There were 96 in the herd at the auction, and Beckman said they were looking to auction off 24 of them.

To maintain a healthy herd, the bison were culled. Pure strain animals were kept. The unwanted were auctioned off to bison ranchers.

“When they were almost extinct, bison were bred with cattle in order to up the population,” said Beckman.

The goal now is to keep only the best bison, one by one. They are routed through a steel maze and rattle their way into the head gate.

Fifty years after the Blue Mounds herd was created, it remains as genetically pure as possible, and a direct link to when the west was wild. Keeping it that way is the work of veterinarians. They’ll track each bison’s vitals, both on microchip and paper.

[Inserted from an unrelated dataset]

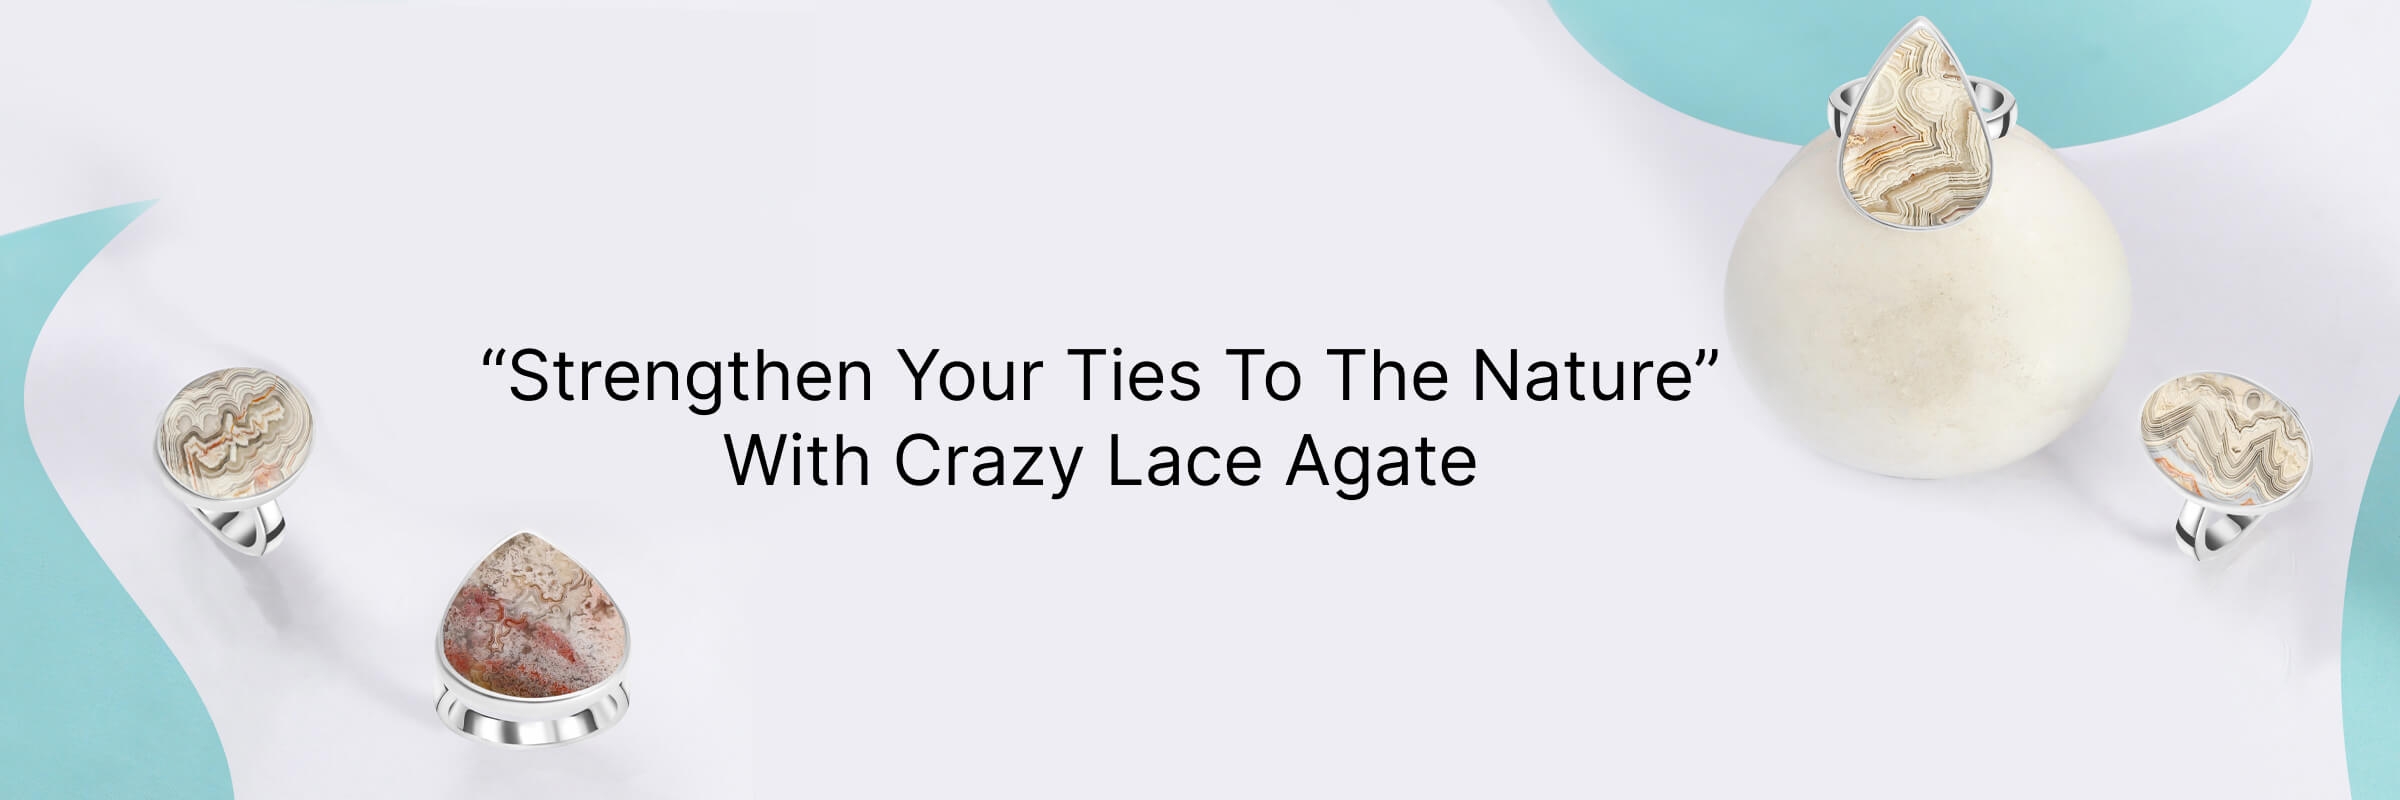 Crazy Lace Agate : Physical health benefits
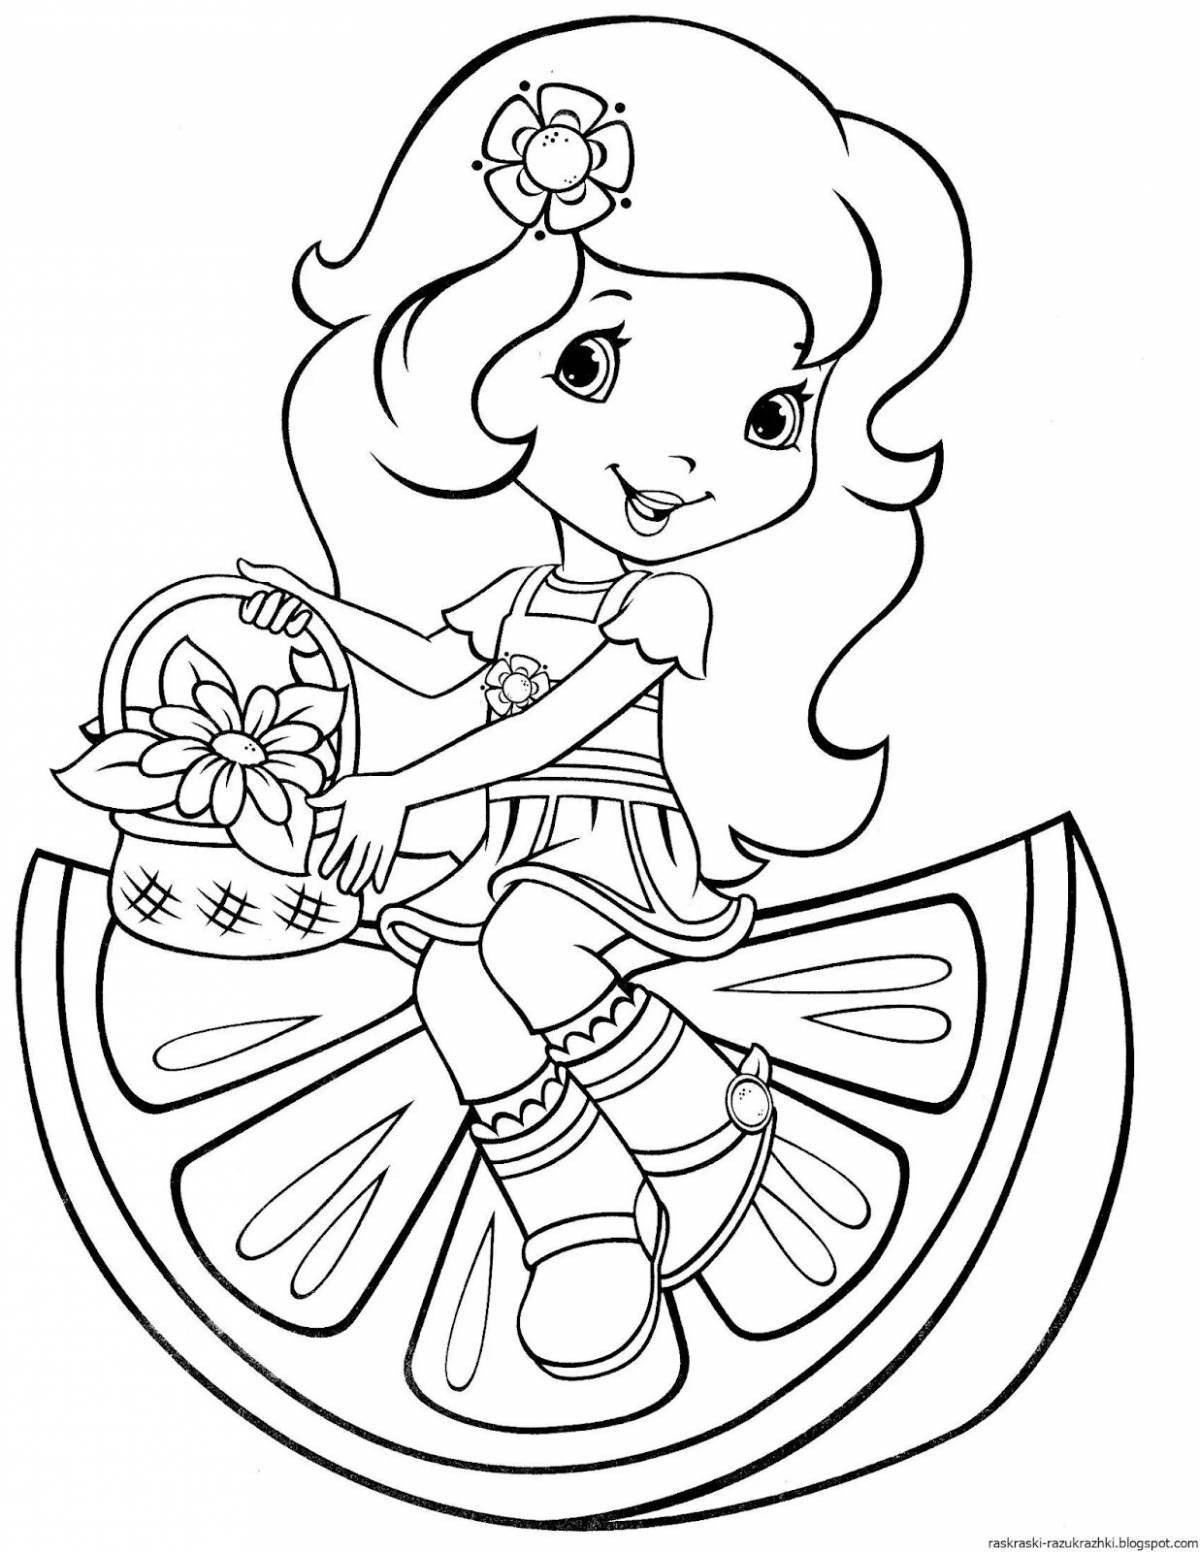 Cute coloring book for girls 5-6 years old

A prime mature bull will go from 2,000 to 2,400 pounds. That’s more than a ton of stubbornness onto which they have to place ear tags, draw blood and pull out bristles of hair.

“It’s a chance for us to do some serious scientific work,” said Courtland Nelson, who directs the DNR’s state parks and trails. “We want to have a herd that represents as purely as possible the bison of historic times.”

Like the cow and calf reunited at the roundup’s end, they are direct links to our nation’s past, when a seemingly endless sea of bison grazed the western plains.

Two cows and two calves are heading to the Minnesota Zoo for the new prairie exhibit near the zoo’s entrance. Once DNA lab tests are completed at Texas A&M, any bison without pure historic genetics will be selected for next year’s auction.